A Rubyist's Walk Along the C-side (Part 7): TypedData Objects

This is an article in a multi-part series called “A Rubyist’s Walk Along the C-side”

In the previous article, we saw how to define and use Ruby classes and modules through the C API. However, we might have noticed that for pretty much every operation, we needed to call into Ruby (e.g. reading and writing instance variables, calling methods, etc.). This, in many ways, defeats the purpose of writing a C extension since one of the goals of writing C extensions is to improve performance by relying on Ruby less. Spoiler alert: in a future article, we’ll use benchmarks to show that writing C extensions this way might actually be SLOWER than writing it in Ruby.

What are TypedData objects?

TypedData objects allow the C extension developer to store their own C struct in objects. Unlike instance variables where the values have to be valid Ruby objects, anything can be placed in this struct.

It’s important to note that when we pass a TypedData object back to Ruby, it will look just like any other Ruby object. In other words, we can still do operations like access instance variables and call methods on a TypedData object.

Memory layout

Let’s compare how the internal memory structure of TypedData objects differs from regular Ruby objects.

Let’s first look at how regular Ruby objects are represented internally. Ruby has many built-in types (e.g. Class, Hash, Object, etc.). Every type requires allocating an RVALUE, which is a 40 byte region of memory. The RVALUE in the diagram below is the RObject structure. All RVALUEs have their first 16 bytes reserved: the first 8 bytes is for flags which contains metadata about the object, followed by klass which points to the class of the object. The remaining 24 bytes of the RVALUE is where the type can store its data and is different for every type. If you’re interested in a more detailed explanation of the RVALUE, read this.

RObject

The RObject type is used to represent Ruby objects that are not one of the built-in types.

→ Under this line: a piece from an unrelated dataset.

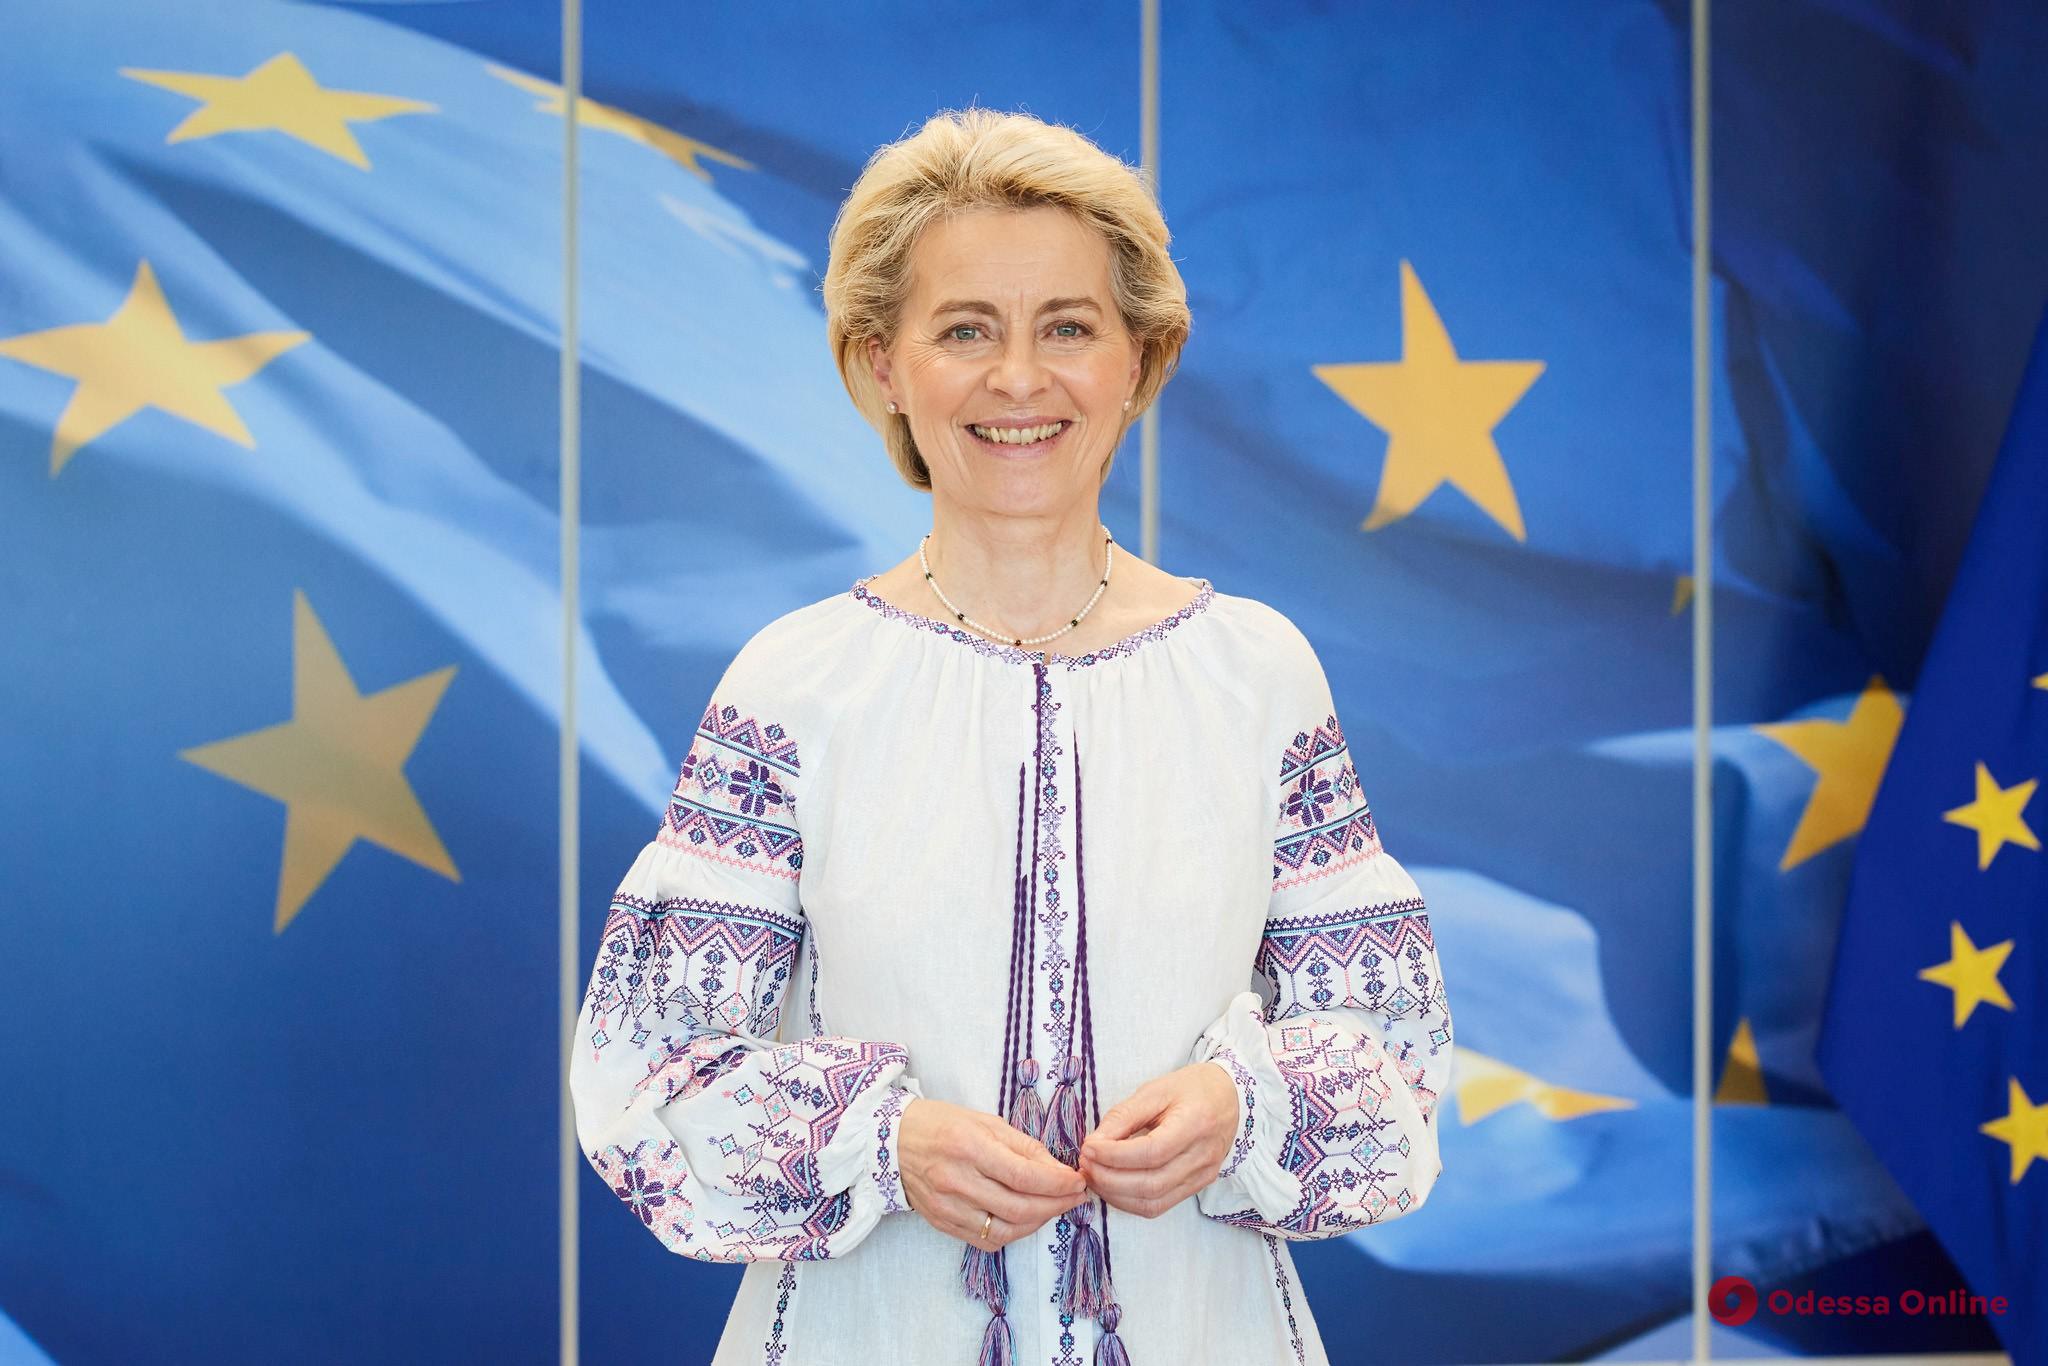 Президент Еврокомиссии фон дер Ляйен: «Следующий раздел истории ЕС сегодня пишет народ Украины»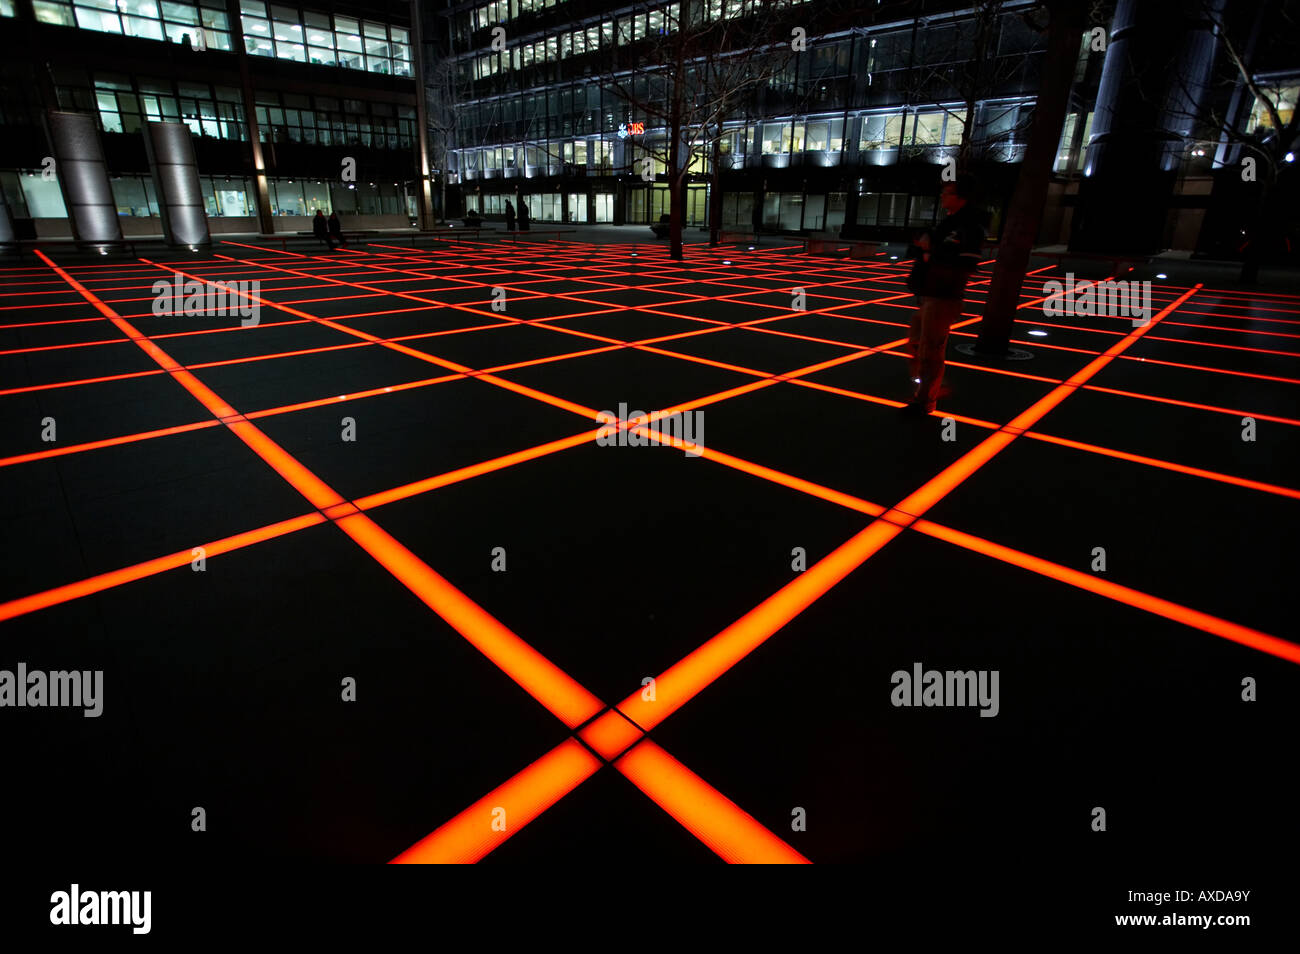 La lumière s'allume sur le terrain de la grille à Londres Angleterre Royaume-uni Banque D'Images

The 24 bytes in the RVALUE are used to store information about its instance variables. This includes three fields:

  • numiv: The number of instance variables.
  • ivptr: A pointer to all of the instance variables in a C array.
  • iv_index_tbl: A hash table that maps instance variable name to value.

RTypedData

Let’s now look at how TypedData objects are represented internally. The first 16 bytes are the same, with the flags and klass fields. The remaining 24 bytes are very different from the RObject type. The three fields for RTypedData are:

  • type: This holds a pointer to a rb_data_type_t struct that holds the configuration for the TypedData object. We’ll talk more about rb_data_type_t later.
  • typed_flag: Internal flags for the object.
  • data: A pointer to a region of memory that can contain any data that we want! When we allocate the TypedData object, we pass in a C struct that we want to allocate. The pointer to that allocated C struct is stored here. We’ll see how to allocate TypedData objects soon.

Advantages

As we’ll see in a future article, TypedData objects are fast. The main reason why it’s more performant is that it reads memory directly rather than looking up instance variables from a hash table. Another reason is that with TypedData objects we don’t need to call into Ruby as much, allowing the compiler to perform more optimizations.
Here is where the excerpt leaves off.